Author Archives: timouth

Chinasaur

Somewhere I read about the term “disambiguation” as relating to a species moving in to replace another species that had left the environment (extinction). Did I imagine this? Regardless, I like the word. Earlier, I had done an abstract painting that reminded me of a t-rex skeleton giving way to a flying bird, and I called it “Disambiguation”. Other abstracts from that time with a similar color scheme became part of my disambiguation series. Painting colorful fish into that painting made the abstract less ambiguous.

The other day, I played dinosaurs with my grandson, and then did a painting of dinosaurs in the trees, the way I’ve been painting fish into the branches of trees for years. So these themes evolve, too.

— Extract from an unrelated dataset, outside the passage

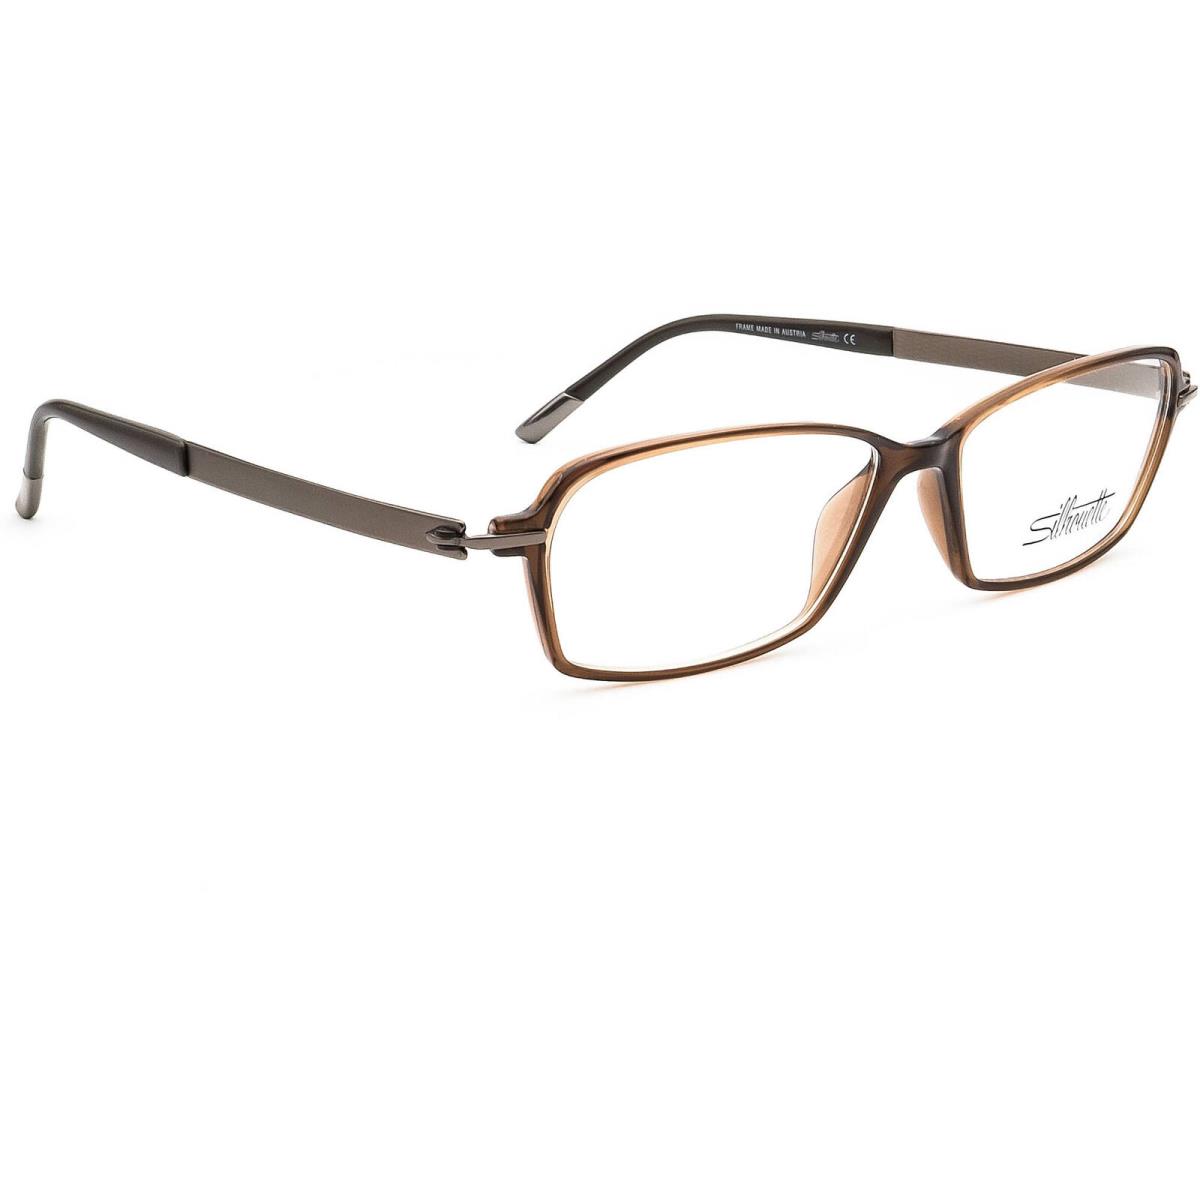 Silhouette Eyeglasses Spx 1552 40 6052 Titan Brown Rectangular Frame 53 14 135

Liam brought me a plastic dinosaur and asked what kind it was. I looked on the underside of it to see if there was a name, but the only word there was CHINA. “Oh,” I said, “this is a Chinasaur.”

Art and Math

I was certainly drawing and painting before I could read and write. That was my thing from early on. My own visual language developed over the years, not because I wanted to sell paintings… not even for the compliments I would get on what I created. It was my own means of expression, long before I had words to describe or explain the process or the meaning behind the images.

I thought I couldn’t do math. I never memorized my multiplication tables. All through elementary school, Jr. High and High School, even in to college, I believed that I COULD NOT do math. Then, as part of my nursing education, I had to take a math aptitude test. I thought “I might as well just quit now, because I can’t do math.” Then a college counselor shared a book with me called All The Math You’ll Ever Need. I took it home and read it cover to cover, and worked every equation in the book. Then I turned around and aced the test.

The big shock for me was when I realized that art is math. It’s all math. All the drawing I’d been doing my whole life was MATH!

My own misconceptions about myself held me back from achieving what I actually had the ability to do.

I do not want to allow fear to rule my life. I want to do those things that other people might think that I can’t do. More importantly, I want to step out of my comfort zone and do the things that I didn’t believe I could do.